Con la cantidad y el tipo más claros, lo que queda es evitar los errores que hacen que la gente crea que la proteína “no le funciona”.
Errores que veo con más frecuencia
Cuando alguien me dice que no nota diferencia entre tomar proteína antes o después, casi siempre descubro que el problema está en otra parte. El fallo no suele ser el reloj, sino el reparto global, la dosis o la expectativa demasiado rígida.
- Obsesionarse con 30 minutos exactos: no hace falta correr al vestuario para salvar una supuesta ventana de oro.

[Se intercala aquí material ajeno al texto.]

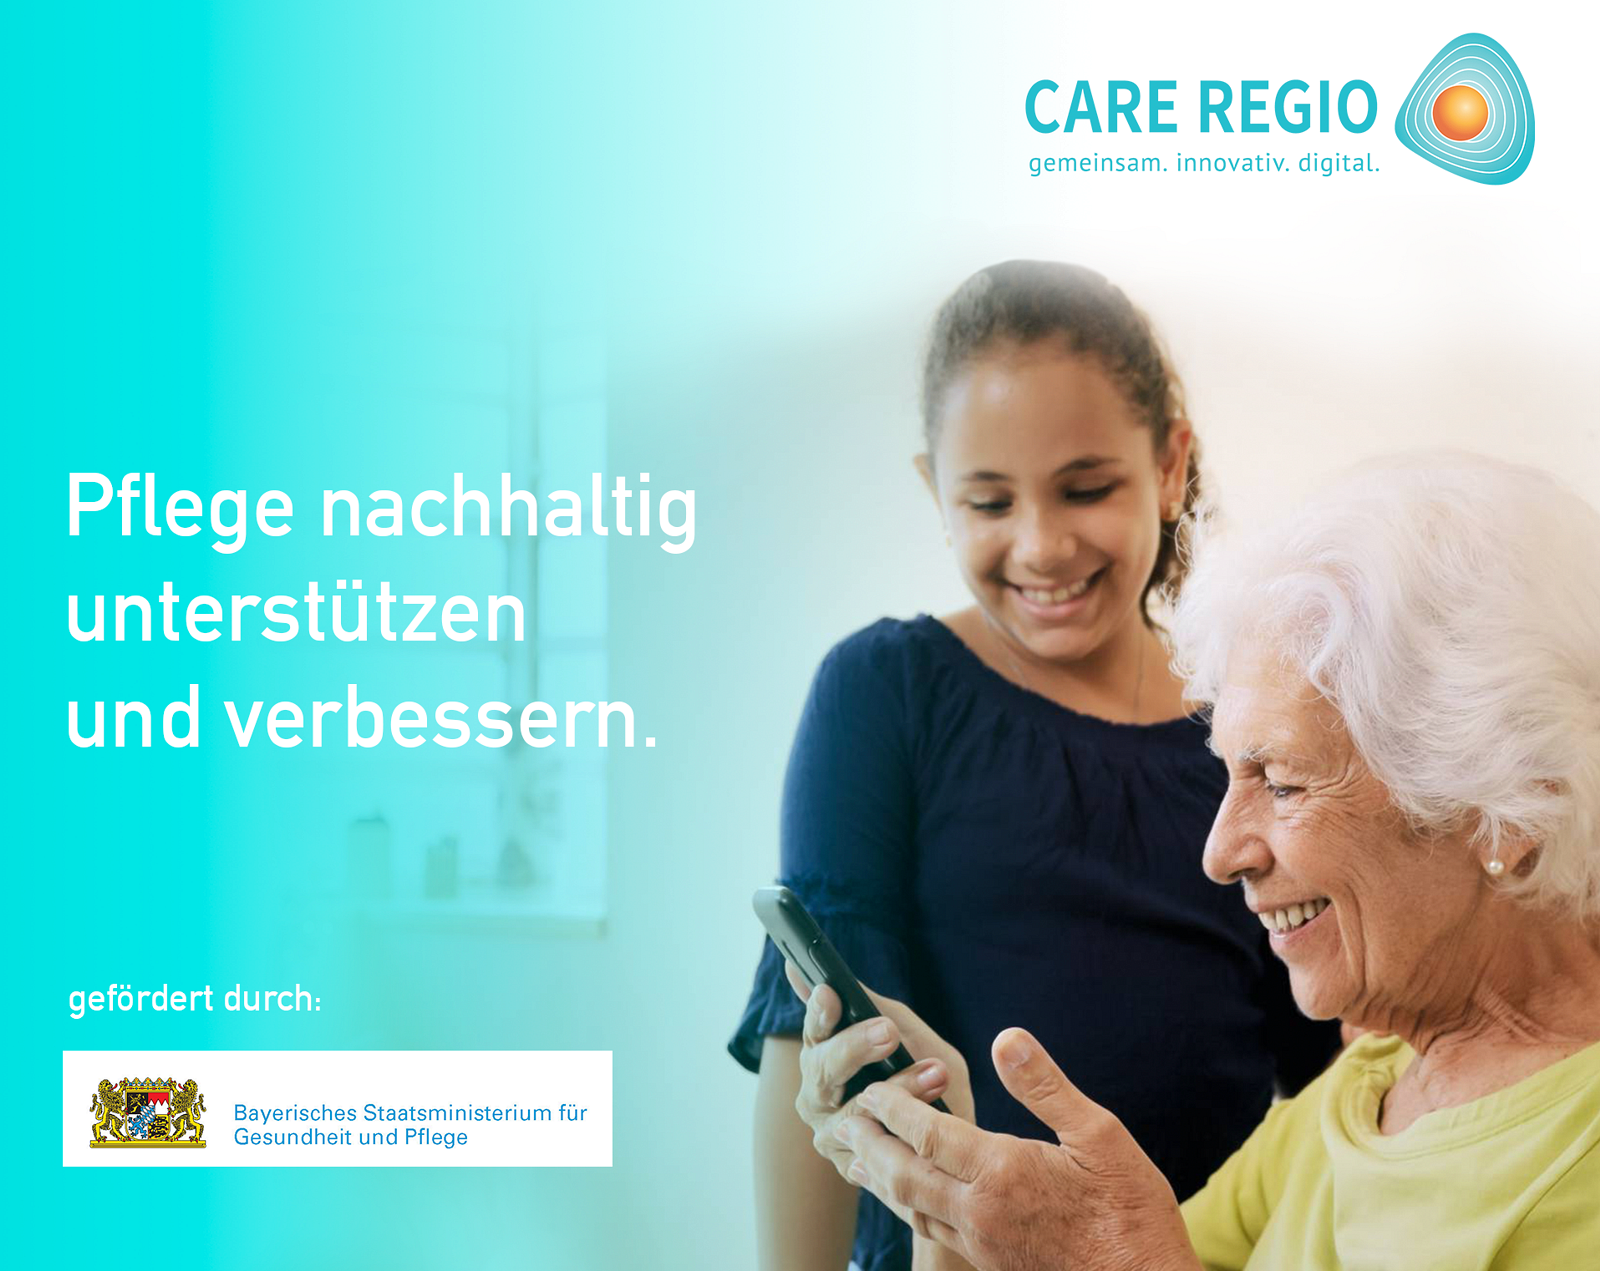 CARE REGIO – Pflege nachhaltig unterstützen und verbessern.

- Confiar en el batido y descuidar el resto del día: si no llegas al total diario, el timing arregla poco.
- Tomar una dosis demasiado pequeña: 10-15 g a menudo se quedan cortos para una respuesta útil.

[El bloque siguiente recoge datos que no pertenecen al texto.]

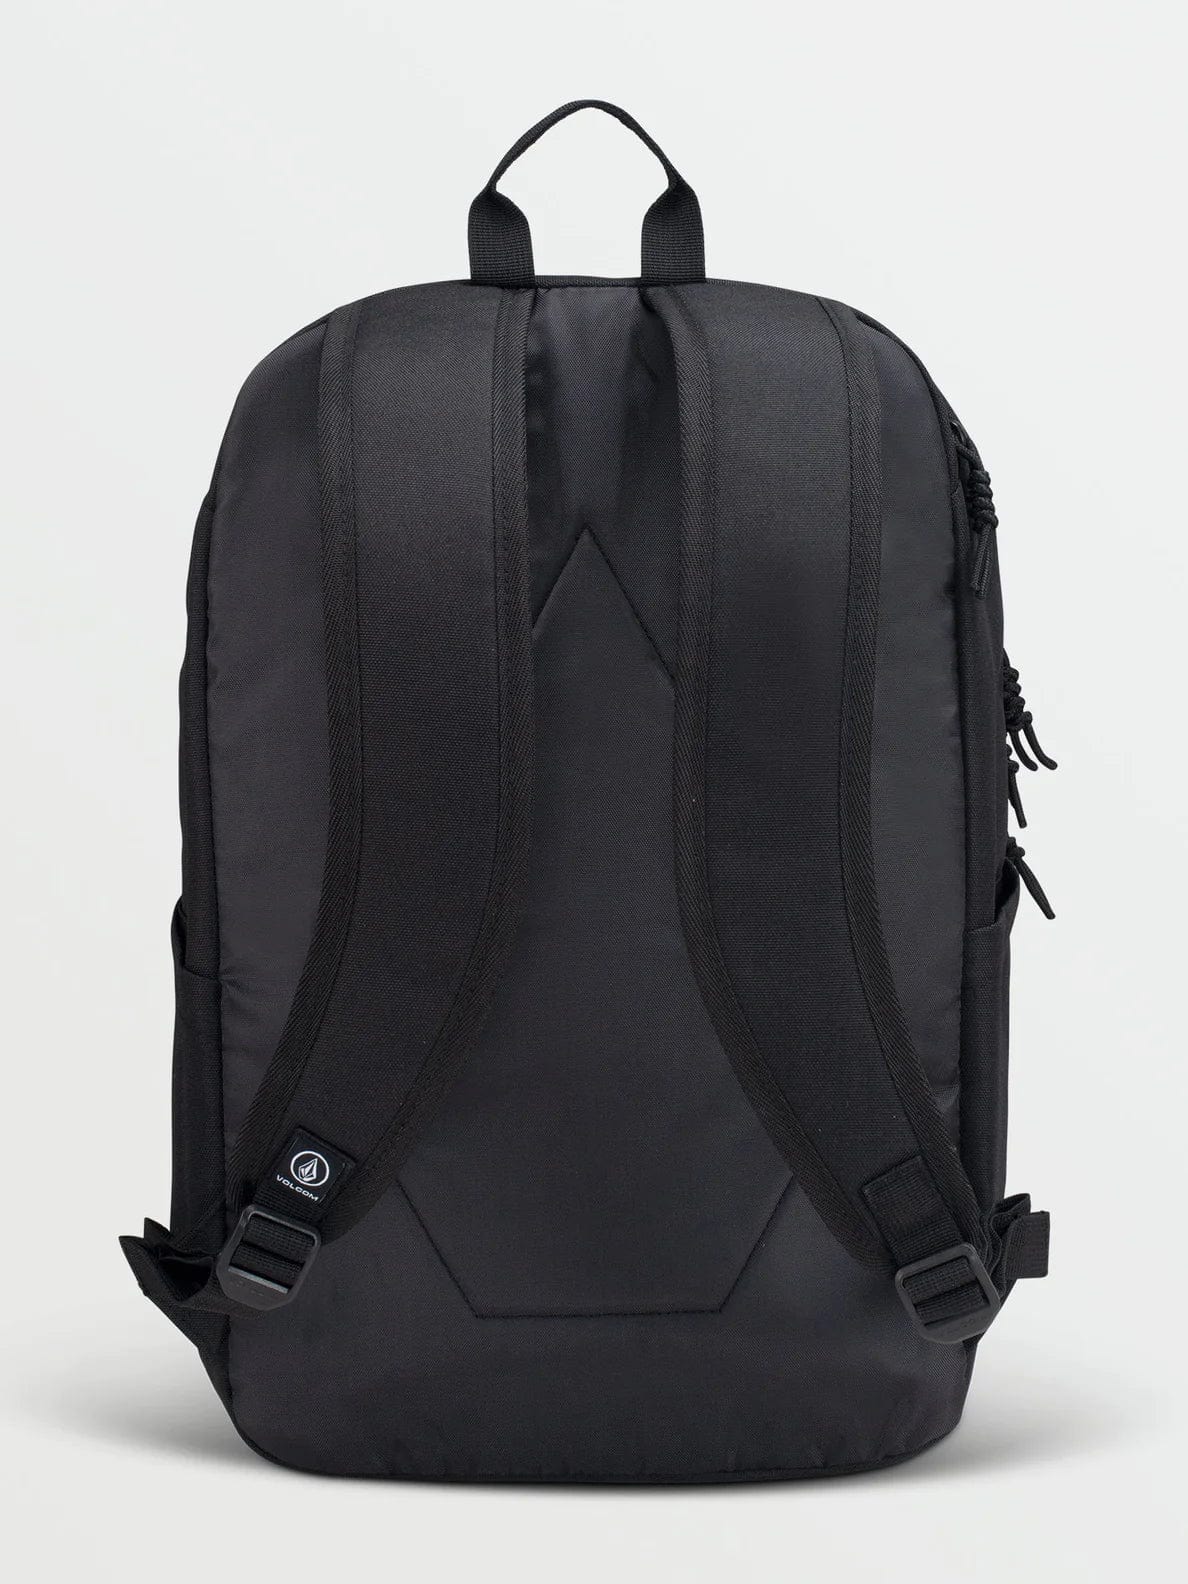 Volcom Roamer Backpack (Black) VOLCOM

- Ignorar los carbohidratos en sesiones largas o dobles: la proteína ayuda, pero no sustituye al glucógeno.
- Elegir una proteína que digieres mal: si te sienta pesada, no la vas a usar con consistencia.
- Hacer una sola toma enorme y olvidarte del resto: repartir la ingesta suele funcionar mejor que concentrarlo todo.
Yo veo mucho marketing alrededor del batido perfecto, pero la realidad es menos vistosa: funciona mejor una estrategia repetible que una solución “ideal” que solo haces dos veces por semana. Por eso mi regla final es simple y práctica.
La regla que yo seguiría para no complicarme
Si quieres una respuesta operativa, yo lo haría así: prioriza el total diario, reparte la proteína en varias tomas y usa el momento alrededor del entreno como ajuste, no como dogma. Si ya has comido proteína en las 1-3 horas previas, no te obsesiones con el postentreno; si entrenas en ayunas o vas a tardar mucho en comer, toma 20-30 g antes o justo al terminar; y si el esfuerzo ha sido largo, duro o muy voluminoso, acompaña la proteína con carbohidratos.
- Fuerza o hipertrofia: 1,6-2,2 g/kg/día, repartidos en 3-5 tomas de 20-40 g.
- Entreno en ayunas: proteína antes o justo después, según te siente mejor.
- Sesión larga o doble sesión: proteína + carbohidratos para recuperar con más intención.
- Dieta vegetal: sube un poco la cantidad por toma y combina bien las fuentes.
Si tuviera que resumirlo en una sola idea, me quedo con esta: la proteína antes o después de entrenar importa, pero no tanto como para distraerte de lo realmente decisivo. Primero cubre el día, luego ajusta el horario a tu rutina, tu tolerancia y tu tipo de entrenamiento. Esa es la forma más sólida de sacar partido a la nutrición sin convertirla en una molestia más.